- _Work instruction_:
Among the entries below, find the lines holding "Gute" and copy them.

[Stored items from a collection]
++++++++++++++++++++

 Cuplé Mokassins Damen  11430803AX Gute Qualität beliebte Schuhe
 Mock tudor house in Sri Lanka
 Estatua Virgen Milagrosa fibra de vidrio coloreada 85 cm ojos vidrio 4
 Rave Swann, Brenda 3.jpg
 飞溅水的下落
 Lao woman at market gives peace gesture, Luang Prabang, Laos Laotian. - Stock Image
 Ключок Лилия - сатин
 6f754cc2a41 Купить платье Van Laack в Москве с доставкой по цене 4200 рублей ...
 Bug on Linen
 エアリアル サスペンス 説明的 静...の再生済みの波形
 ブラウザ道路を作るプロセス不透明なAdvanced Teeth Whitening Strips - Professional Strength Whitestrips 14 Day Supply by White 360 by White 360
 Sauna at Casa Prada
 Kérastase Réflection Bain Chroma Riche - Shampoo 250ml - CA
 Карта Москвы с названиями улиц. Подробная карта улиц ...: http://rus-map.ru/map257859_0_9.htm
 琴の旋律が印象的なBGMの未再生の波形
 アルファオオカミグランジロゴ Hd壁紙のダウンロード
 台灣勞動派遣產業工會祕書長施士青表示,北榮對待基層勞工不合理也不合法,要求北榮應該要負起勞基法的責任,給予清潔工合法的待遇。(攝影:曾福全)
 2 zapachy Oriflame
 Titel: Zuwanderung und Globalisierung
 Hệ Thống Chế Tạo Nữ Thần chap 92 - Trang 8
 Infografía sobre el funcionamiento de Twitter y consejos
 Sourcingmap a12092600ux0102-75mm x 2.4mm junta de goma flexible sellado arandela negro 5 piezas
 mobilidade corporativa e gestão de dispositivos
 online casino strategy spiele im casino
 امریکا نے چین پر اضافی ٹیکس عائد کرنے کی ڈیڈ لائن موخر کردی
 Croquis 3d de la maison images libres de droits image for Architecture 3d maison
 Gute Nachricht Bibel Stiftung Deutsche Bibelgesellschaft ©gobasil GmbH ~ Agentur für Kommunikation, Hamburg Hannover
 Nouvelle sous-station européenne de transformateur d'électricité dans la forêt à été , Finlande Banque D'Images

++++++++++++++++++++

- _Solved problem_:
 Cuplé Mokassins Damen  11430803AX Gute Qualität beliebte Schuhe
 Gute Nachricht Bibel Stiftung Deutsche Bibelgesellschaft ©gobasil GmbH ~ Agentur für Kommunikation, Hamburg Hannover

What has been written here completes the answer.